Polskie jaja tracą szansę na lukratywny eksport

Zmagamy się z epidemią koronawirusa, szczepimy, a tymczasem przypomniała o sobie grypa. A konkretnie ptasia grypa, która dziesiątkuje stada drobiu na całym świecie - informuje Business Insider Polska.

Aktualizacja: 13.05.2021 08:48 Publikacja: 13.05.2021 08:35

Polskie jaja tracą szansę na lukratywny eksport

Foto: Bloomberg

Polskie jaja mogłyby więc zostać sprzedane po wysokich cenach m.in. do Korei Południowej.
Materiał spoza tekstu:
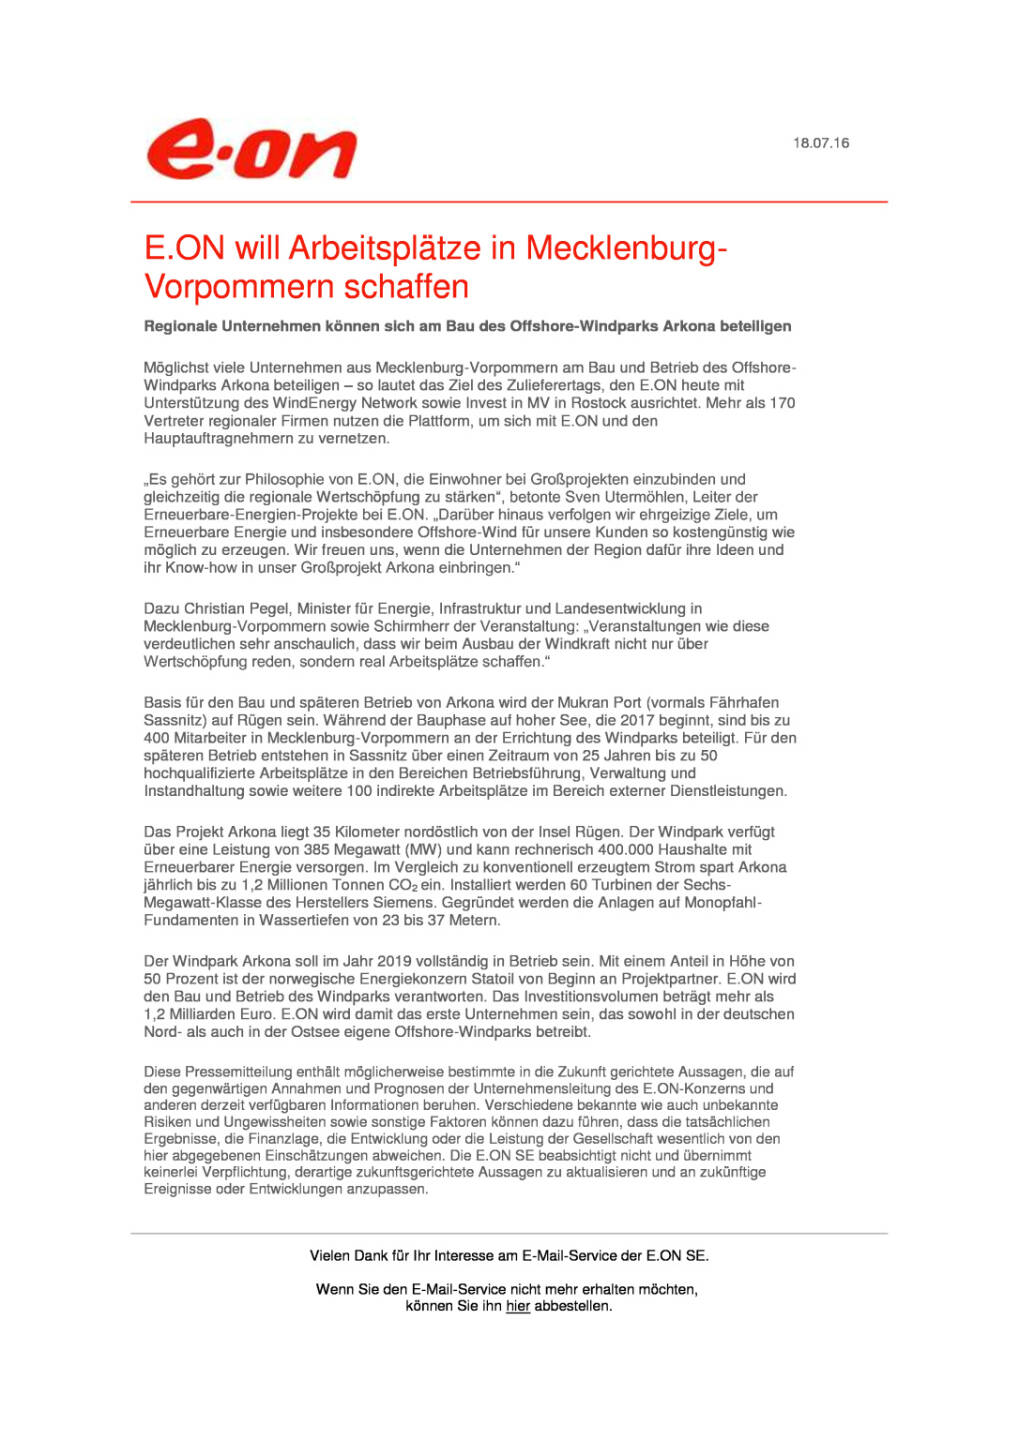 E.ON: Arbeitsplätze in Mecklenburg-Vorpommern , Seite 1/1, komplettes Dokument unter http://boerse-social.com/static/uploads/file_1433_eon_arbeitsplatze_in_mecklenburg-vorpommern.pdf
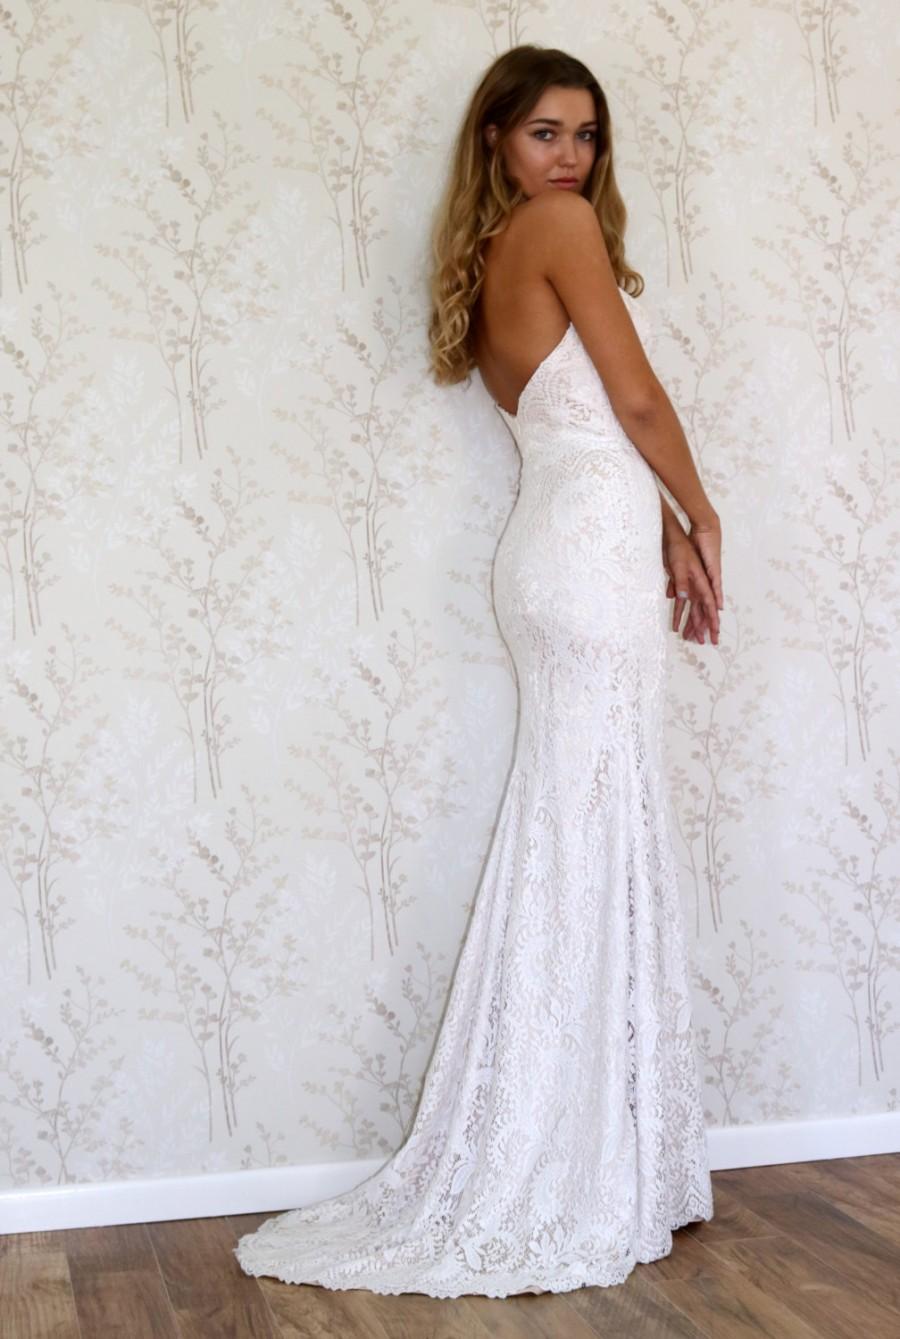 زفاف - Lace Wedding dress/Simple bohemian style wedding gown/Strapless sweetheart neckline wedding dress.

Tyle, że polscy producenci nie mogą z nich skorzystać. Narzekają na brak odpowiedniej współpracy instytucji rządowych. Sprawa jest jednak bardziej złożona - atak ptasiej grypy nie ominął także Polski.

Europa, Azja i Afryka walczą z grypą ptaków wywołaną zjadliwą odmianą wirusa HPAI. Wiele państw poza Europą wprowadza zakazy na import jaj i drobiu z naszego kontynentu. Tymczasem polscy eksporterzy narzekają na brak wsparcia systemowego, który pomógłby im przetrwać ten ciężki czas.

"Ponad 20 destynacji znacznie ograniczyło lub zupełnie zakazało eksportu polskich produktów drobiowych oraz jaj na ich terytorium, m.in. Izrael, Korea czy Oman" - podaje największy producent jaj w Polsce i jeden z największych w Europie, czyli firma Fermy Woźniak.

Według danych GUS już pierwsze dwa miesiące bieżącego roku były złe dla branży. Polski eksport jaj w skorupkach spadł o 23 proc. rdr do 147 mln zł, a bez skorupek o 6 proc. do 56 mln zł.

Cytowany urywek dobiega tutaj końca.